**Directions for this task:** Your task is to output the listing exactly, leaving every image out.

**Source material:**

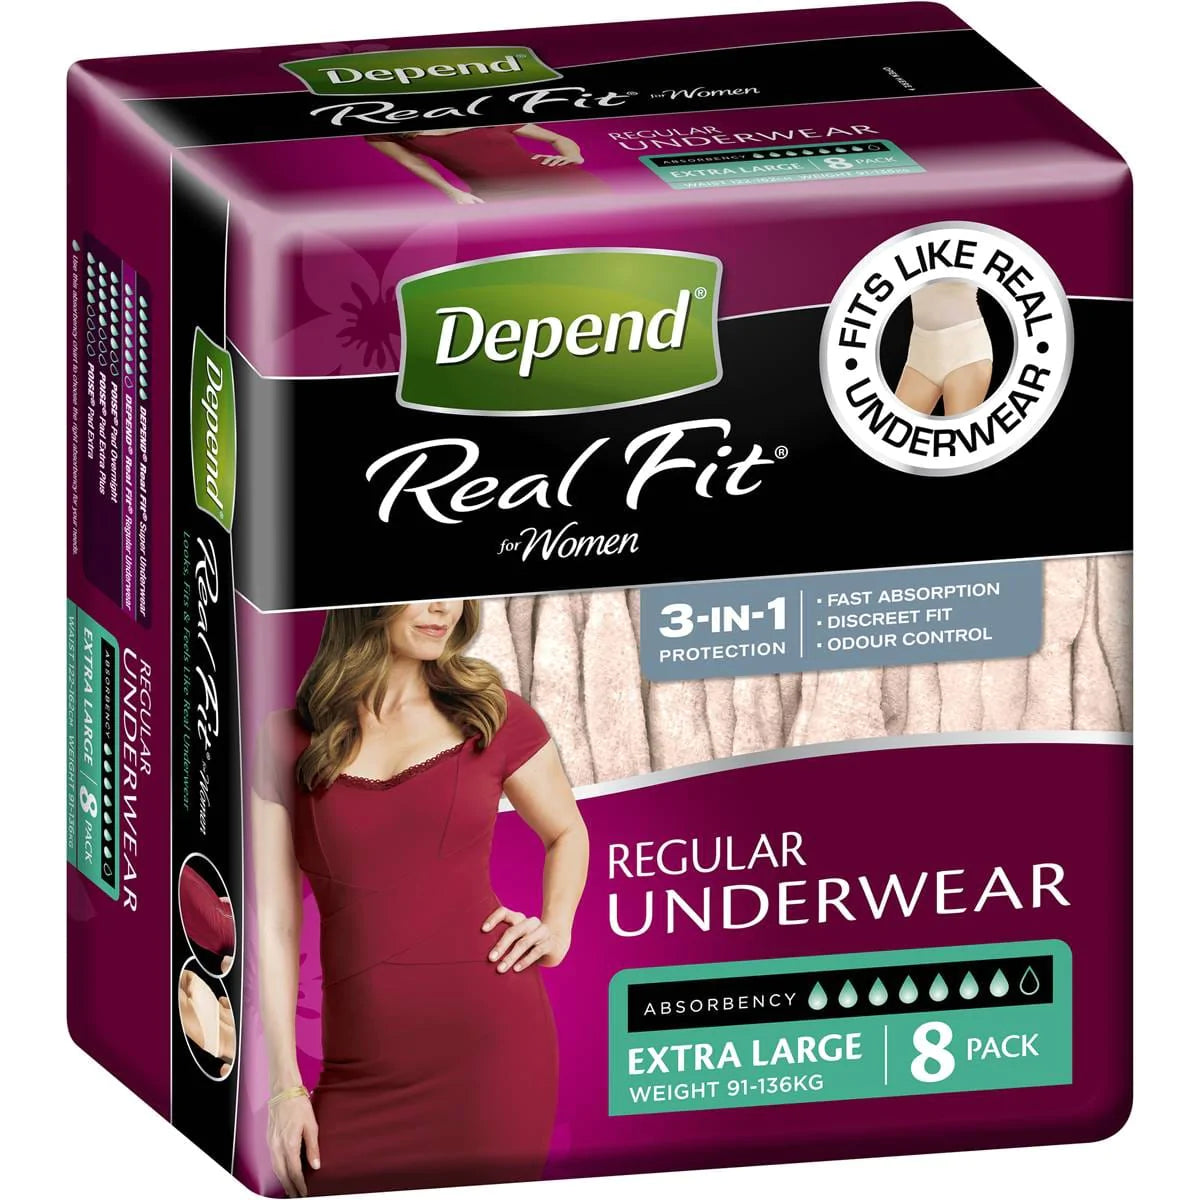 Depend X-Large / Carton of 32 Depend Real Fit for Women KIM19604__CT
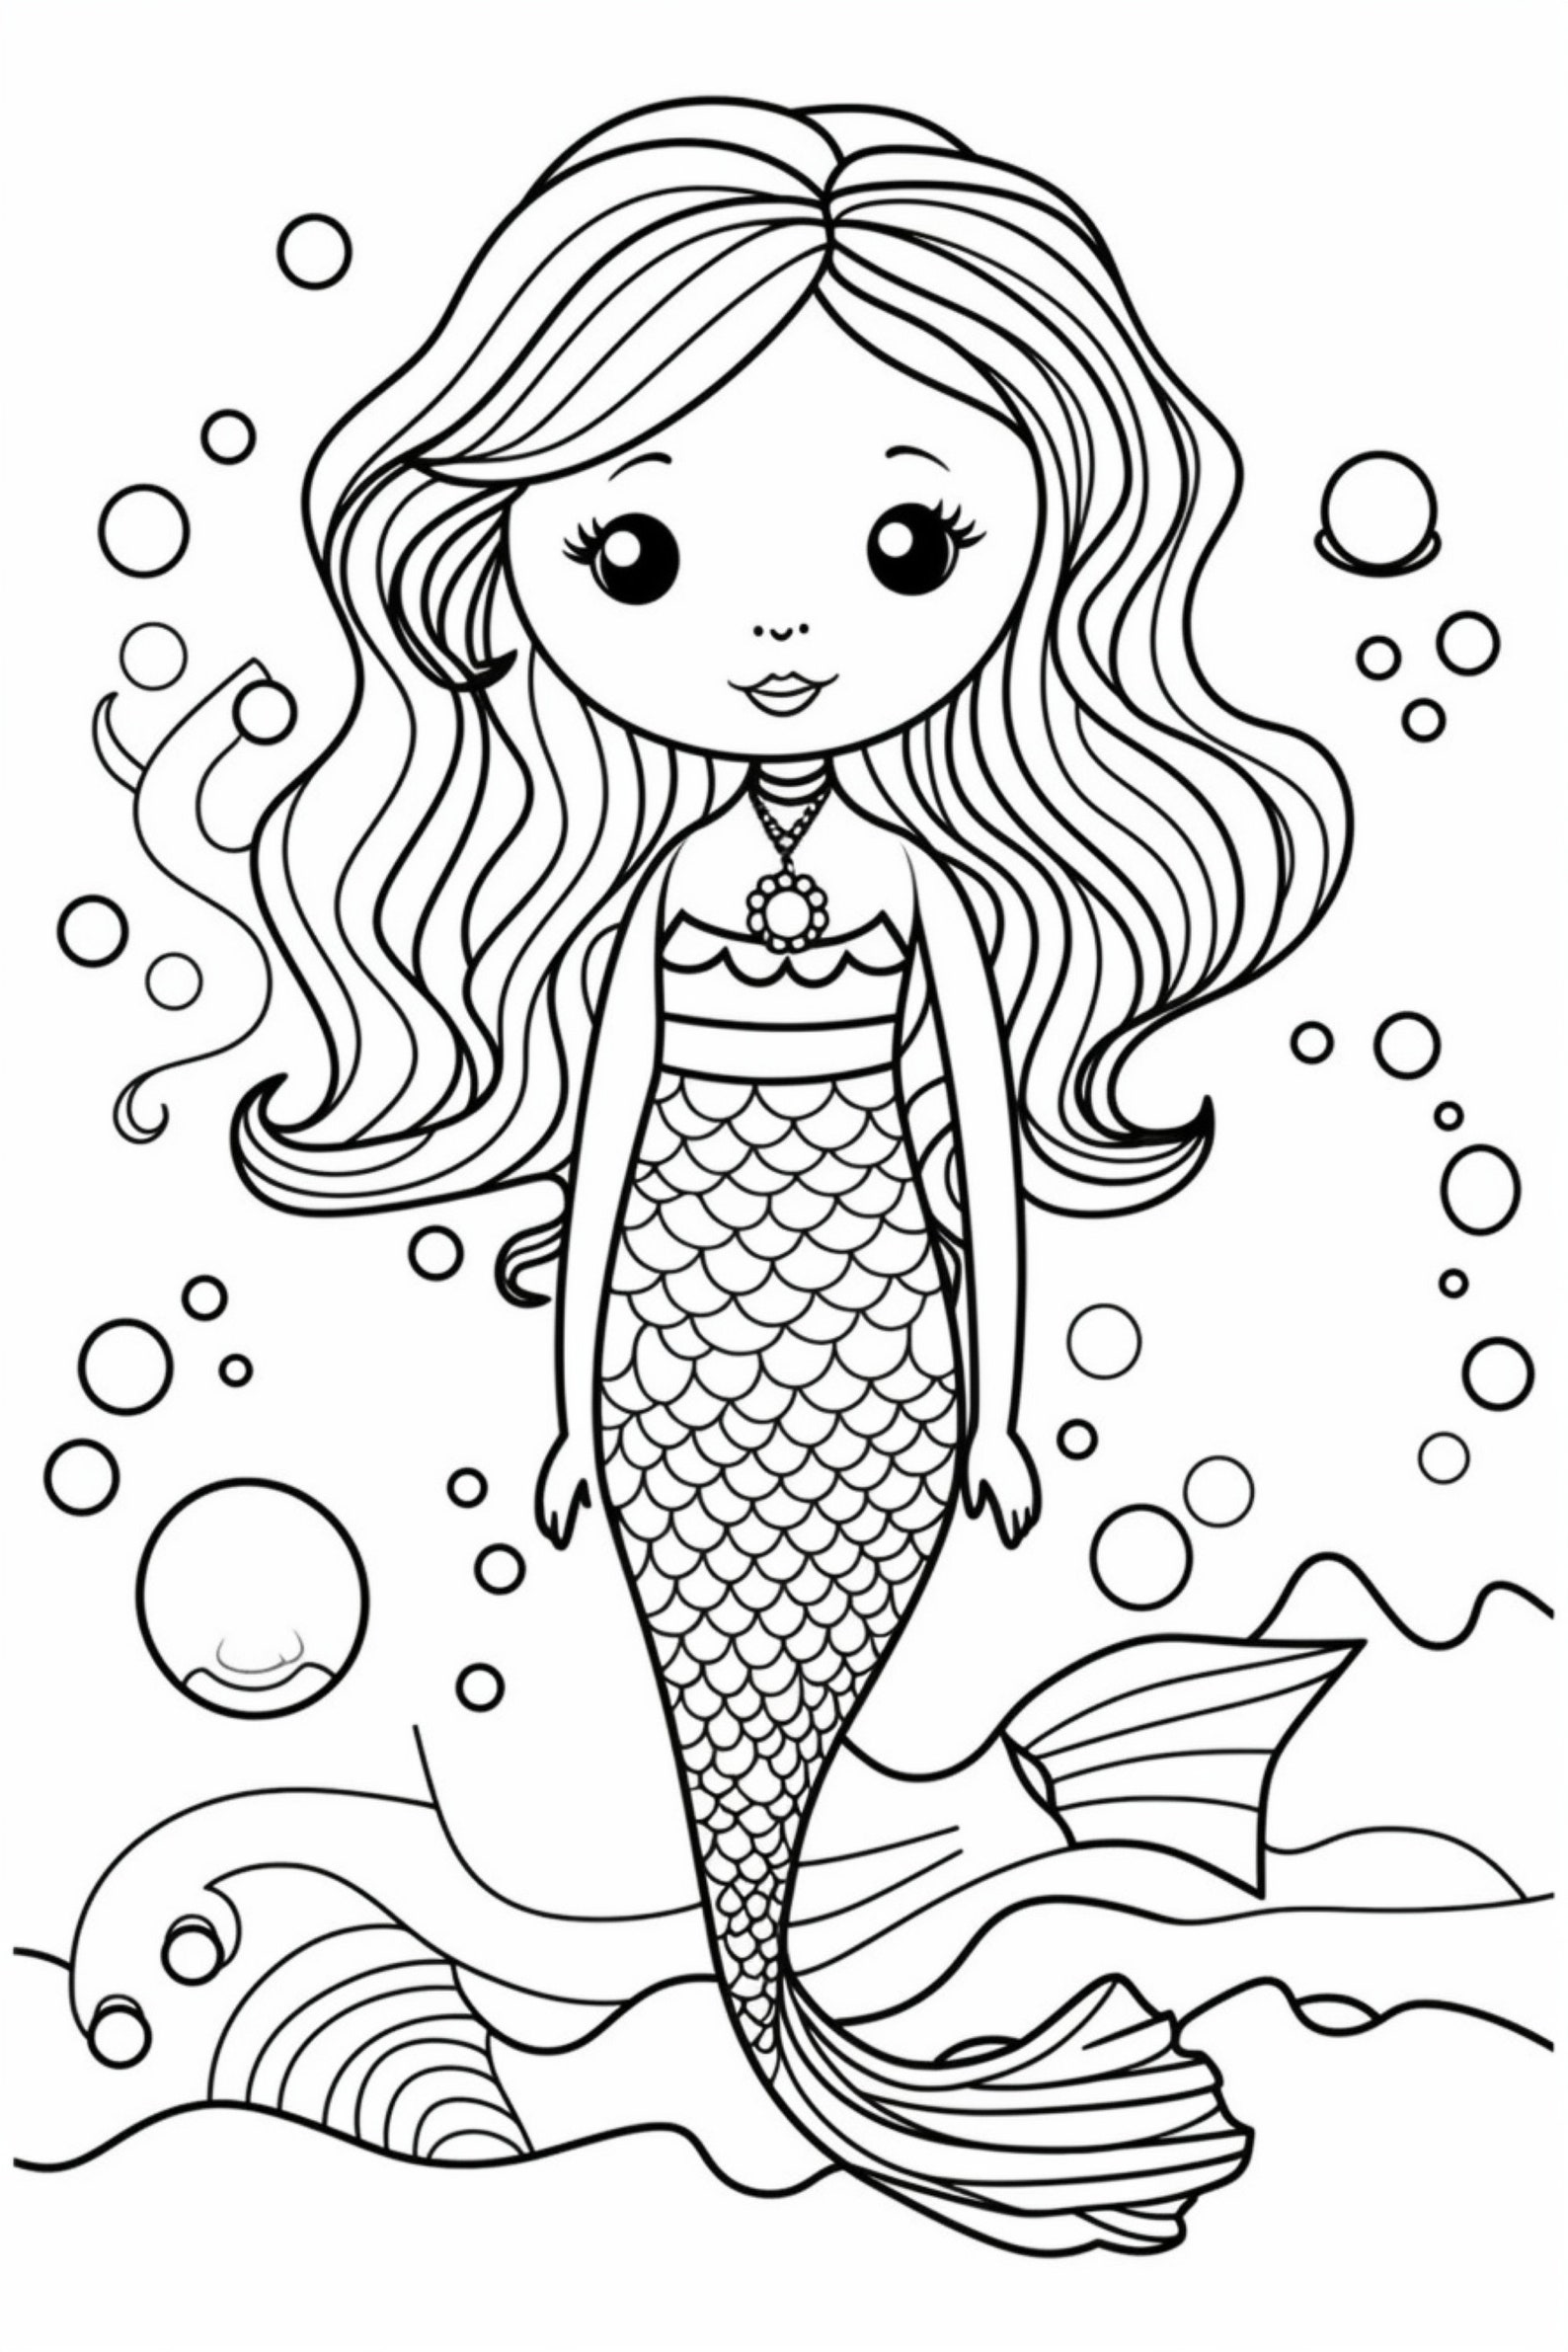 Mermaid 2 Coloring Pages 5 - Etsy
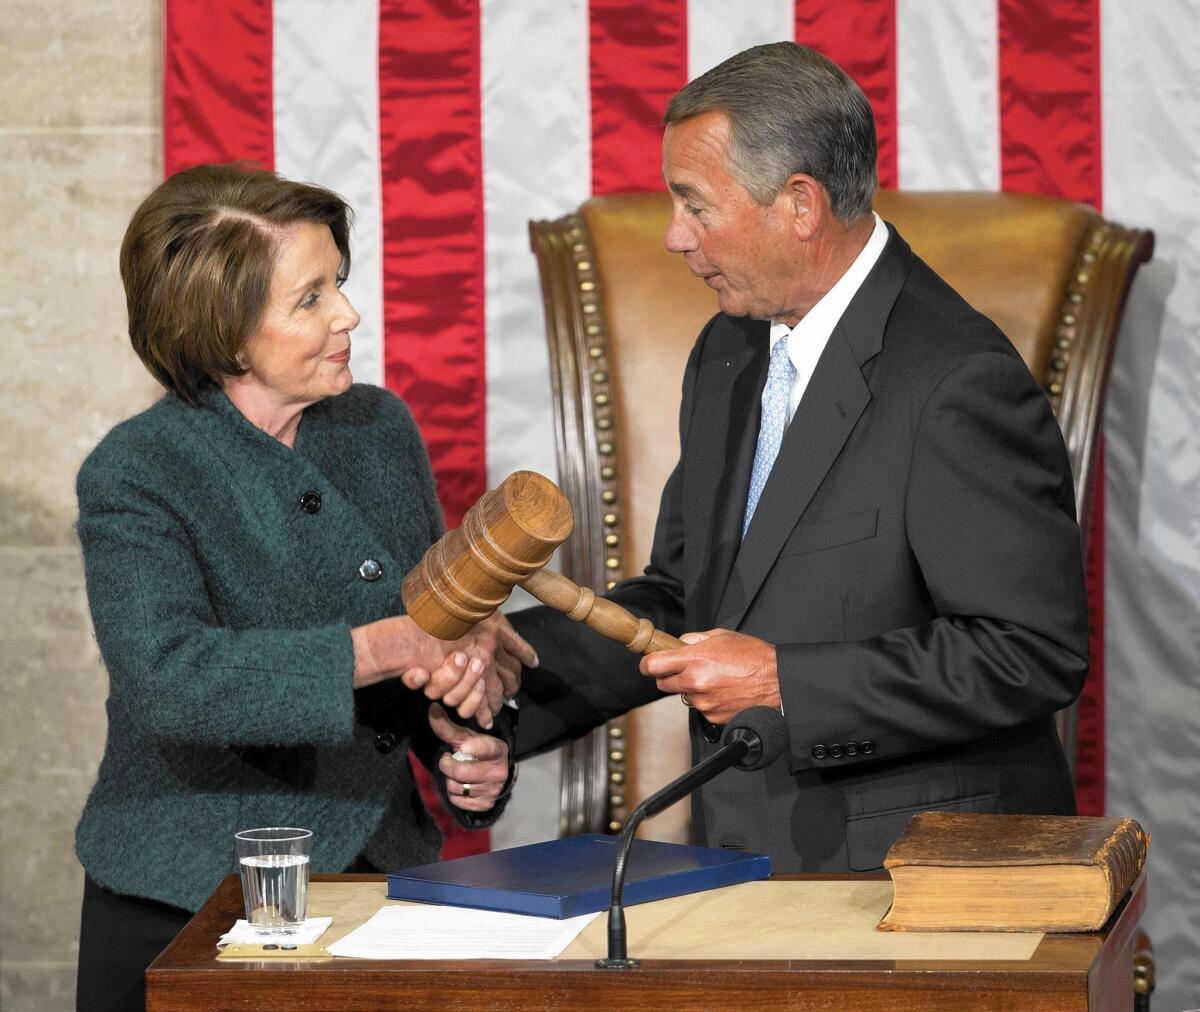 House Minority Leader Nancy Pelosi and Speaker John Boehner helped negotiate a deal to end the recurring threat of Medicare cuts facing doctors.
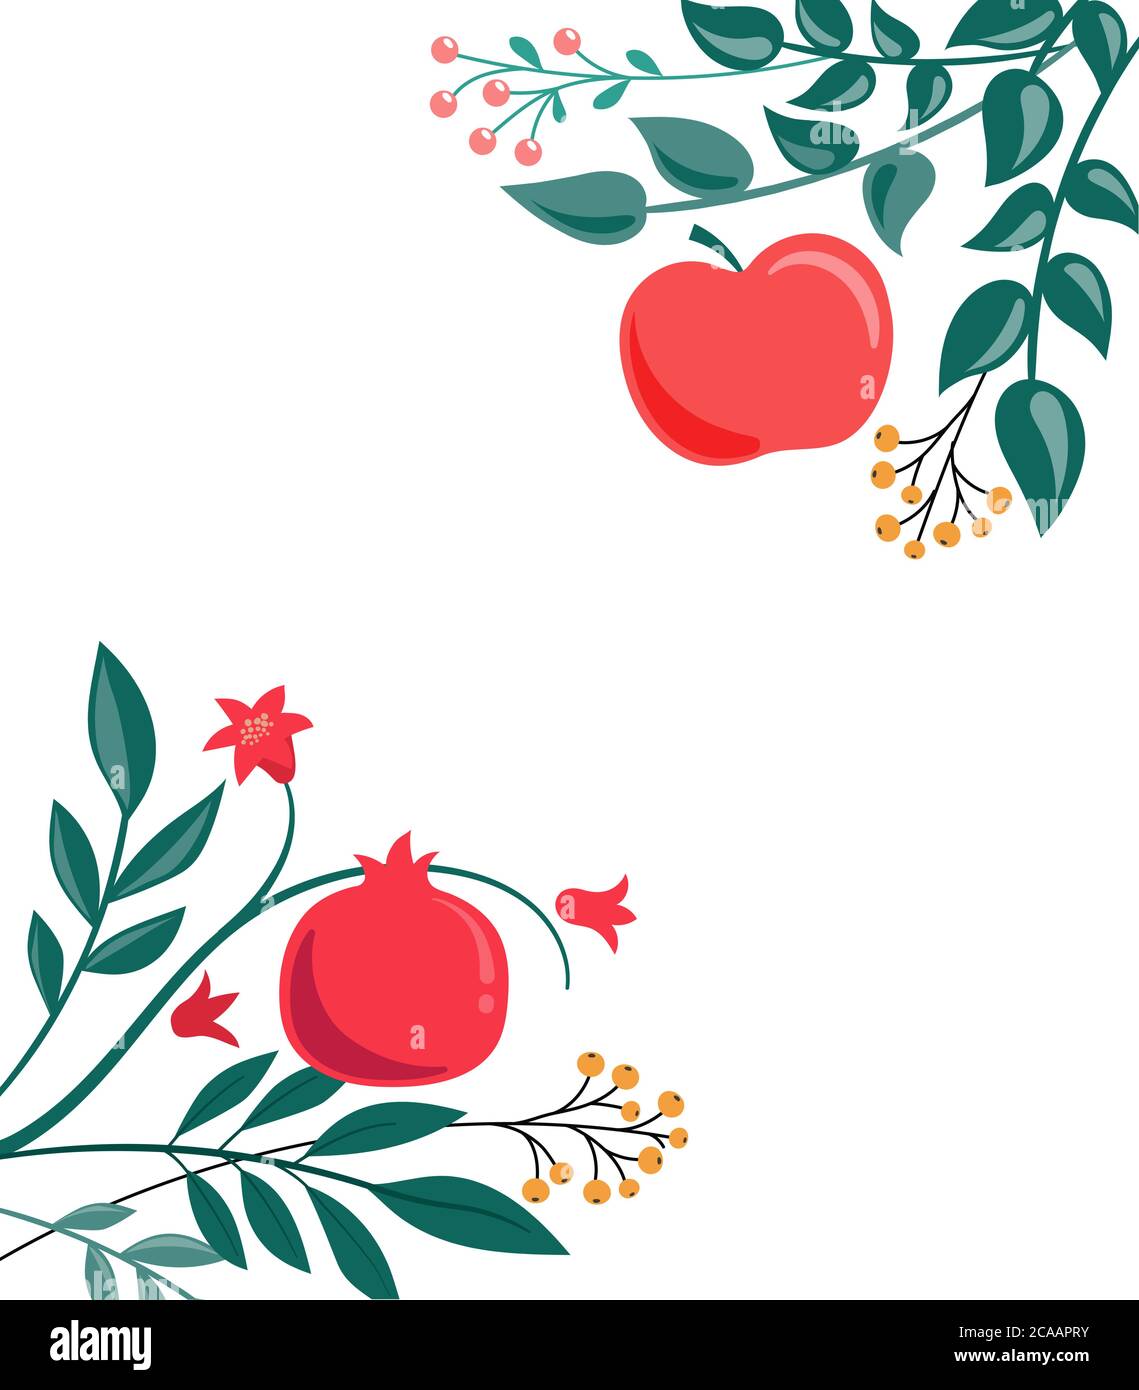 Rosh Hashana, Jewish New Year greeting card with pomegranate, apple and flowers. Vector illustration Stock Vector

**Solved exercise:**
 Depend X-Large / Carton of 32 Depend Real Fit for Women KIM19604__CT
 Mermaid 2 Coloring Pages 5 - Etsy
 House Minority Leader Nancy Pelosi and Speaker John Boehner helped negotiate a deal to end the recurring threat of Medicare cuts facing doctors.
 Rosh Hashana, Jewish New Year greeting card with pomegranate, apple and flowers. Vector illustration Stock Vector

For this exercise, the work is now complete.